Dr. Walter Williams, predictably, is somewhat more optimistic: 

If there is anything good to say about Democrat control of the White House, Senate and House of Representatives, it's that their extraordinarily brazen, heavy-handed acts have aroused a level of constitutional interest among the American people that has been dormant for far too long.

Part of this heightened interest is seen in the strength of the Tea Party movement around the nation. Another is the angry reception that many congressmen received at their district town hall meetings.

Yet another is seen by the exchanges on the nation's most popular radio talk shows such as Rush Limbaugh, Sean Hannity, Mark Levin and others. Then there's the rising popularity of conservative/libertarian television shows such as Glenn Beck, John Stossel and Fox News.

 Read both columns, please. I think both make valuable points. I agree with Sowell that this is a terrible turning point, and one that could usher in a new era in which this country permanently abandons the ideals and principles that have made it unique among nations.

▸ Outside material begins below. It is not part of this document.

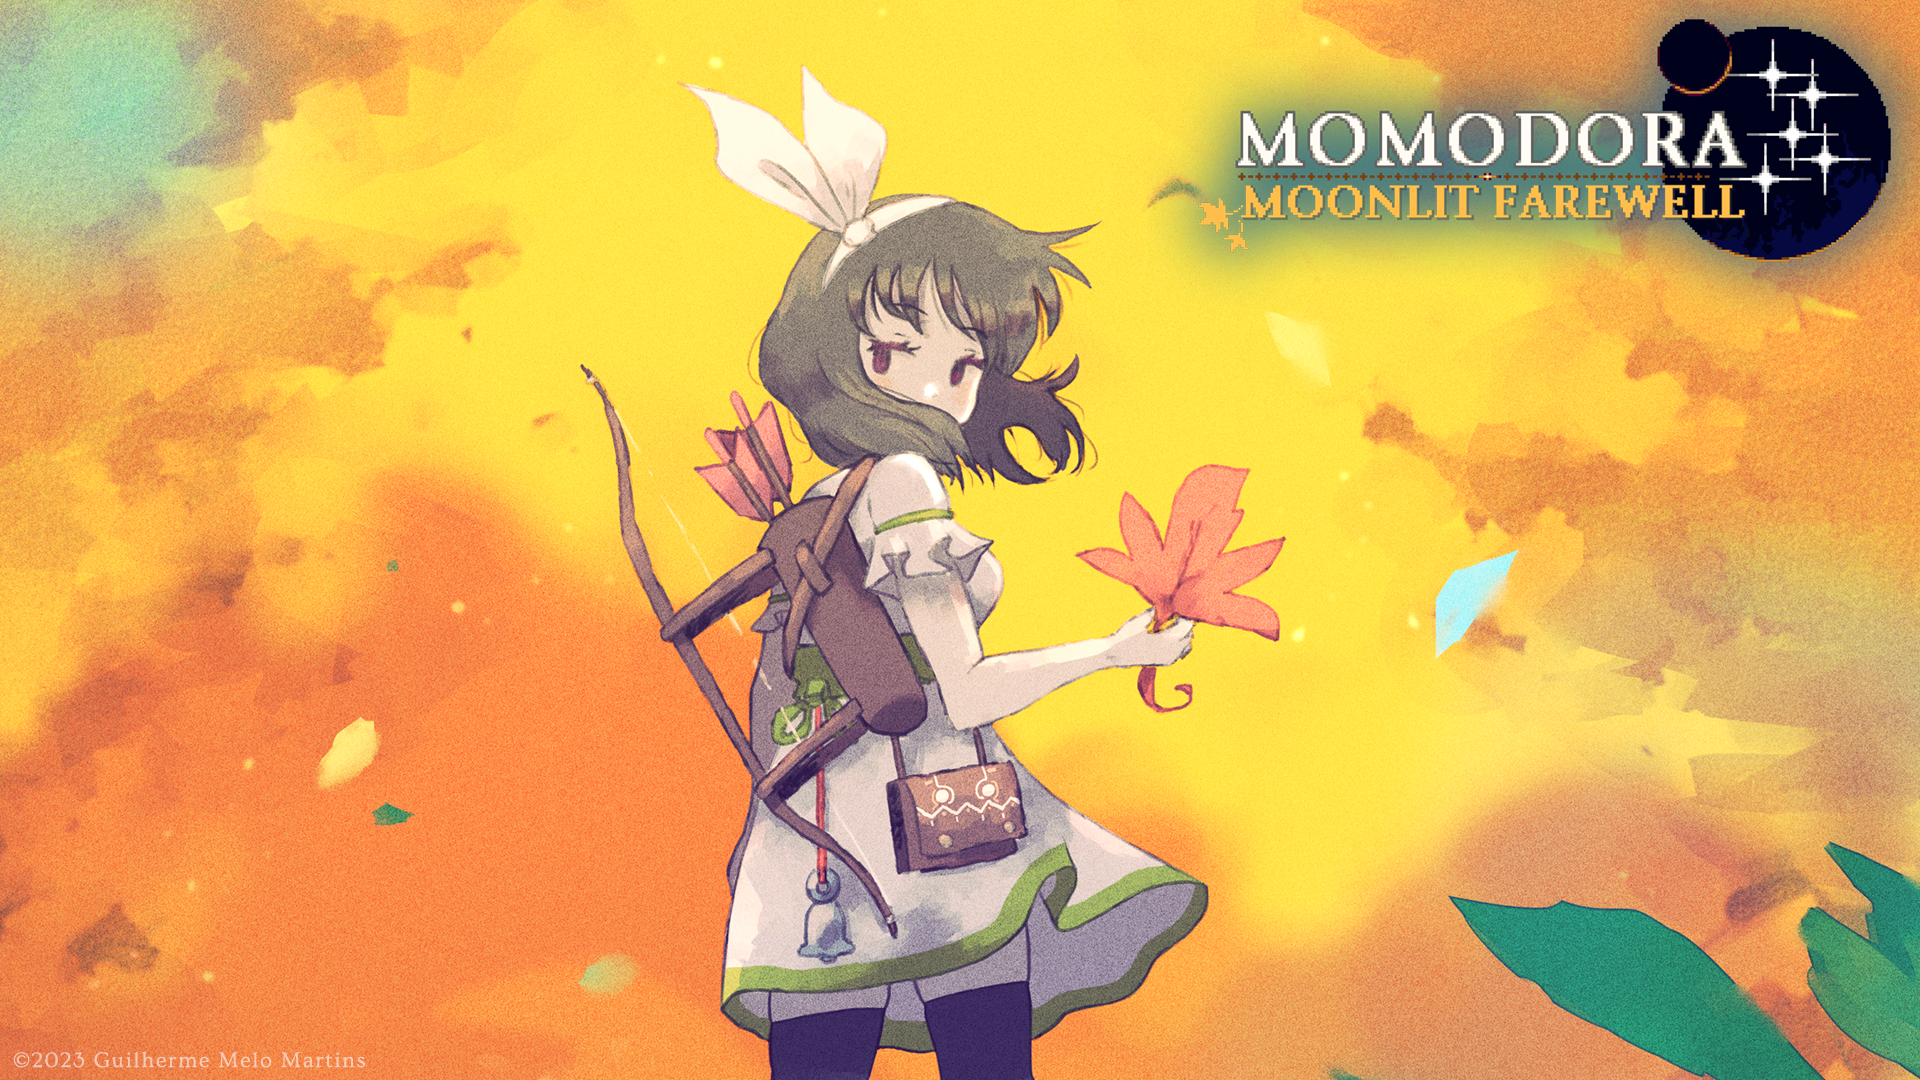 The Culmination of the Momodora Series—Momodora: Moonlit Farewell to Release on Steam on January 11, 2024!

I also agree with Williams that there are reasons for optimism — that the brazen and outrageous nature of this bill's passage and the contempt Democrats have shown for the will of the people will serve to awaken the populace and lead to a wide-spread public reaction and "Constitutional reawakening." 

Of course, I hope Dr. Williams is right. But I won't just hope. I'll do what I can to help make it come to pass. 

I hope you will, too. 

And keep an eye out for that new Reagan or Thatcher, too. We could really use one.